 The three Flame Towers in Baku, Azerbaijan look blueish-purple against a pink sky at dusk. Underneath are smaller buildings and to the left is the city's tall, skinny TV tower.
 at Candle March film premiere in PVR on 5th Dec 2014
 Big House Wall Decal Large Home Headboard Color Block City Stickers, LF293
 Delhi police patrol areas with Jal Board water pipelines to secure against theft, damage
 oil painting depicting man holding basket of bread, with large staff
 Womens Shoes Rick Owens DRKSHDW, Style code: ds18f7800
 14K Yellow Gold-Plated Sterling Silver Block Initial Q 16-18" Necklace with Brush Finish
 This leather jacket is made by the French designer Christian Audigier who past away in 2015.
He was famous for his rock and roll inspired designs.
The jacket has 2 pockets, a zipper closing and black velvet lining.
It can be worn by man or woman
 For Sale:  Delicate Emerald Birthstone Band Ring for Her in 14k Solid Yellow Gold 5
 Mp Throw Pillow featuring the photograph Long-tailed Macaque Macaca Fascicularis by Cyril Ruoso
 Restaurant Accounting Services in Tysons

» What is required
All of the listing above should be restated word for word.

» Finished task
 The three Flame Towers in Baku, Azerbaijan look blueish-purple against a pink sky at dusk. Underneath are smaller buildings and to the left is the city's tall, skinny TV tower.
 at Candle March film premiere in PVR on 5th Dec 2014
 Big House Wall Decal Large Home Headboard Color Block City Stickers, LF293
 Delhi police patrol areas with Jal Board water pipelines to secure against theft, damage
 oil painting depicting man holding basket of bread, with large staff
 Womens Shoes Rick Owens DRKSHDW, Style code: ds18f7800
 14K Yellow Gold-Plated Sterling Silver Block Initial Q 16-18" Necklace with Brush Finish
 This leather jacket is made by the French designer Christian Audigier who past away in 2015.
He was famous for his rock and roll inspired designs.
The jacket has 2 pockets, a zipper closing and black velvet lining.
It can be worn by man or woman
 For Sale:  Delicate Emerald Birthstone Band Ring for Her in 14k Solid Yellow Gold 5
 Mp Throw Pillow featuring the photograph Long-tailed Macaque Macaca Fascicularis by Cyril Ruoso
 Restaurant Accounting Services in Tysons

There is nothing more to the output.